Once a truck with water arrived, I’ve no idea from where. We set up a field shower and it was crowded. The dirt that washed off people’s bodies looked like black stones and it moved like jelly. The smell was heavy. I tried to wash myself in the little water there was, and then we all stood naked looking for a sliver of soap, and because I can’t stand naked men or women near me, I hid inside myself. Even when I took a crap I didn’t go with everyone into a field but sat by myself and tried to hide, and the smell was pungent and hard. That’s the way it was.

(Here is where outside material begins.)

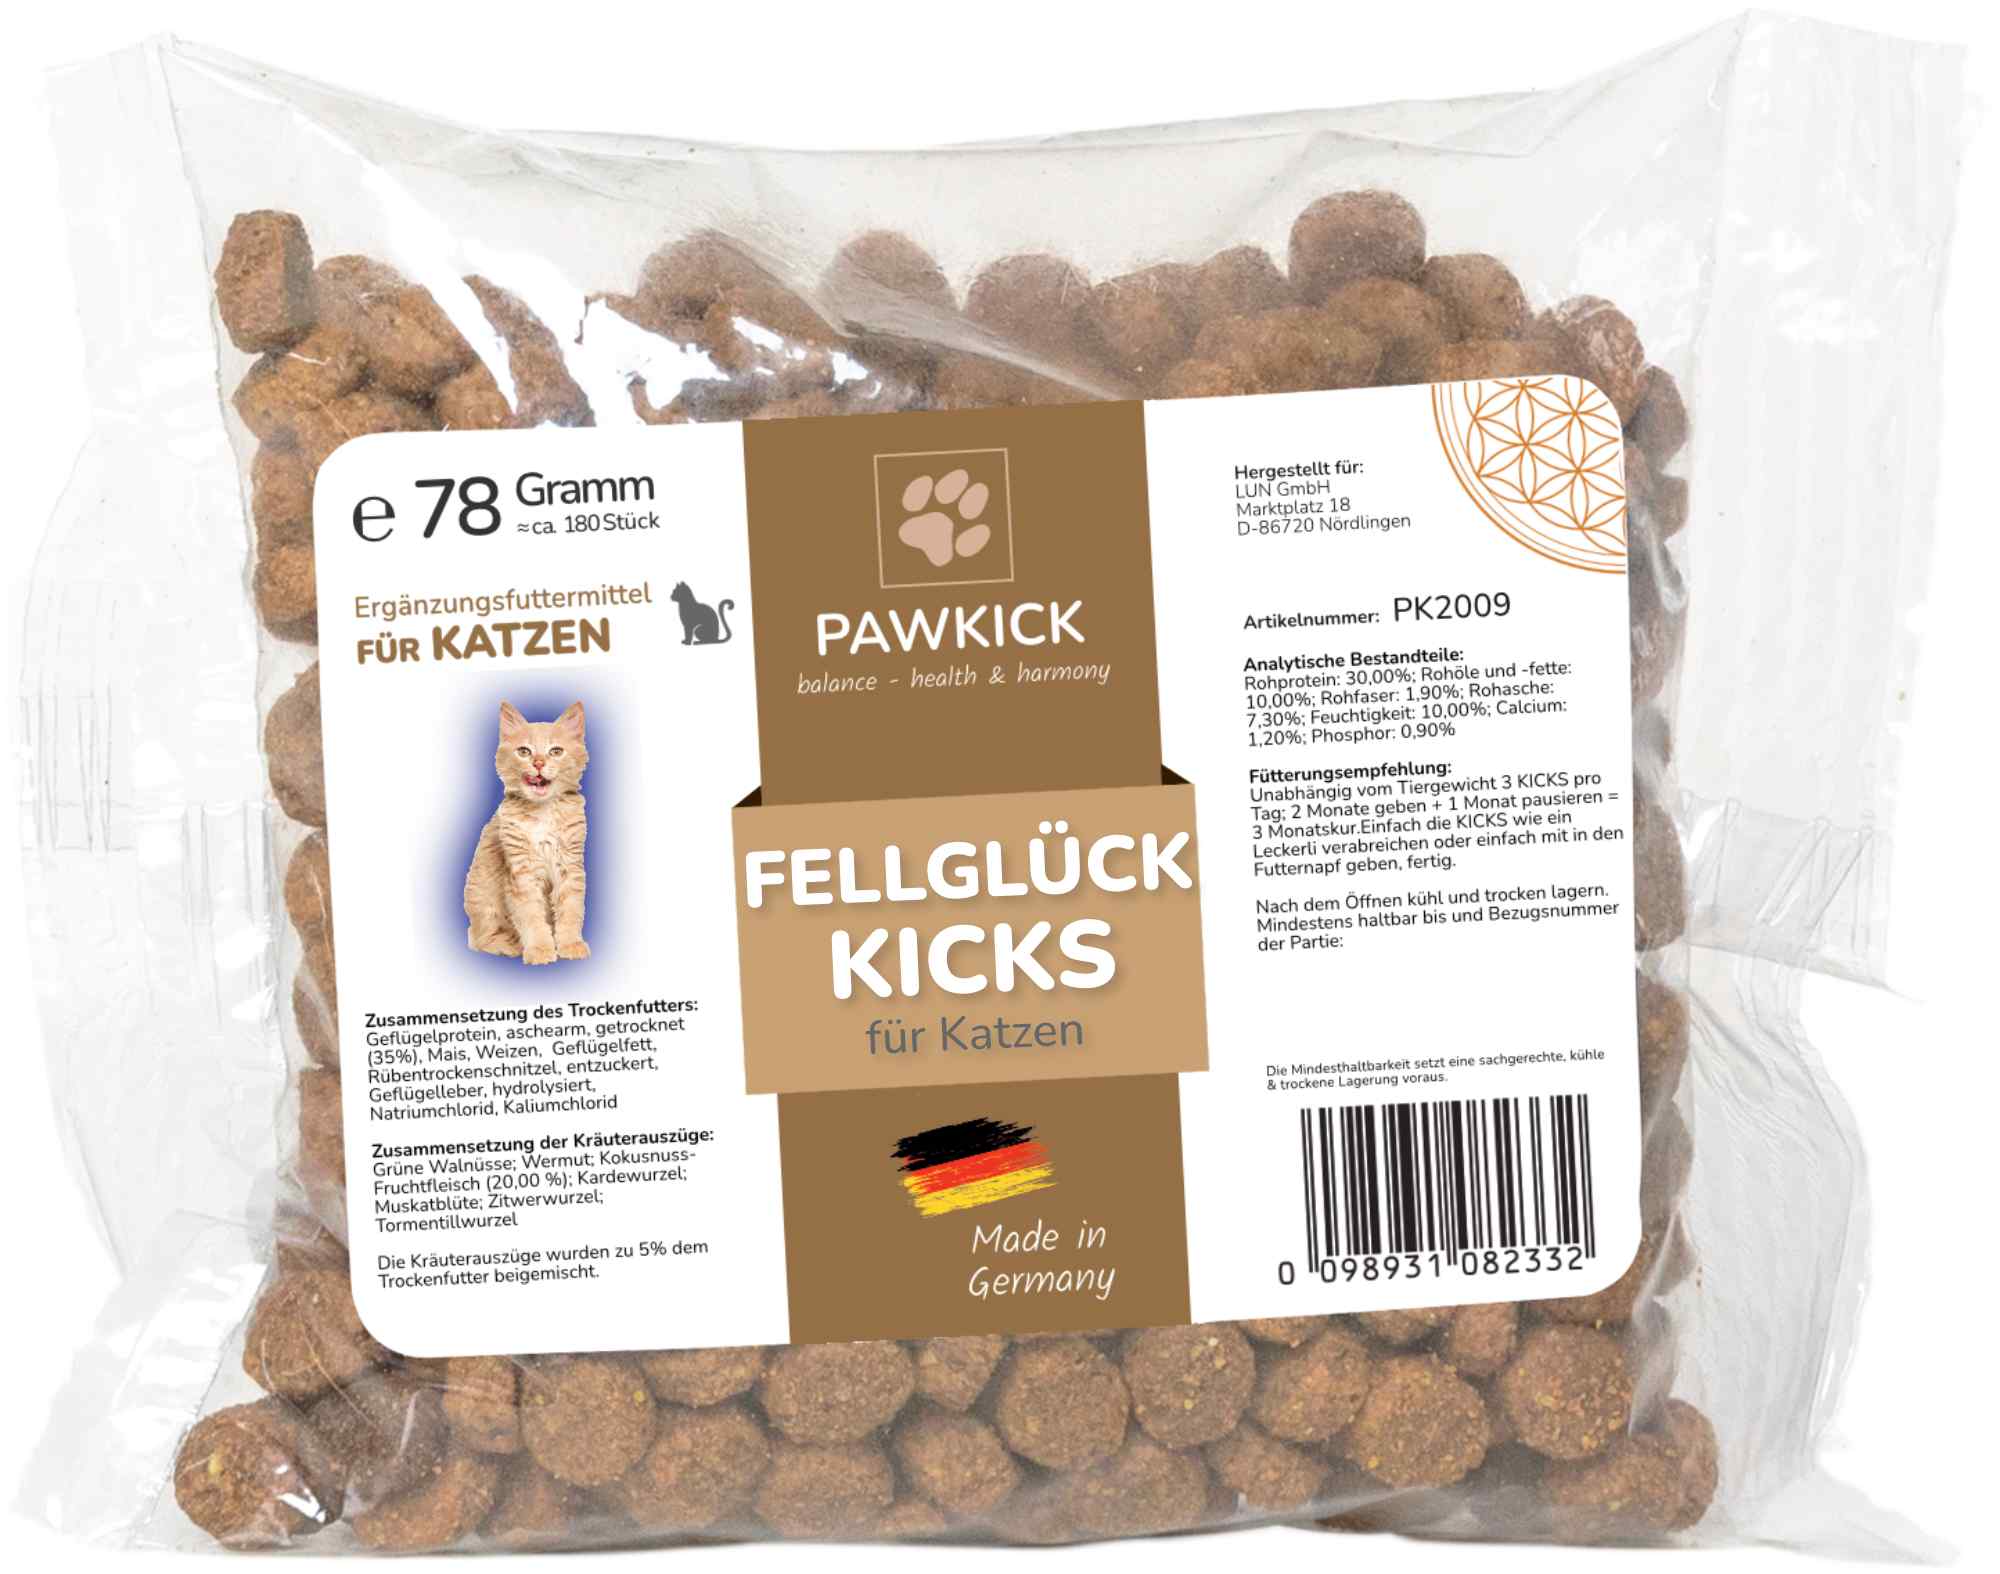 PAWKICK FELLGLÜCK-KICKS Cat - 3 Monatskur!  zur Unterstützung bei Zecken

Before we went out to battle we’d say to the kibbutz oldsters, Dig the graves as fast as you can because we’re on the way. There was this sentence we’d repeat: “The officers gave the order to go and the privates went straight to hell.” In between, we tried to live.
A tall, tanned woman wearing shorts and boots, with a distant, empty expression on her face, was walking along a kibbutz path and stopped by me and called me by my name, and after a few words she invited me to her room. A scrubbed room. It looked like it had been licked clean, and that was when there was no water. Empty orange boxes, and books too, which served as a table and chairs, and on the walls there was a painting by Schur and another by Käthe Kollwitz. She took out an old record from somewhere that told me it was a Deutsche Grammophon issue, which I knew from my father’s collection by the tiny rim protruding above its grooves, and it was wrapped in rags.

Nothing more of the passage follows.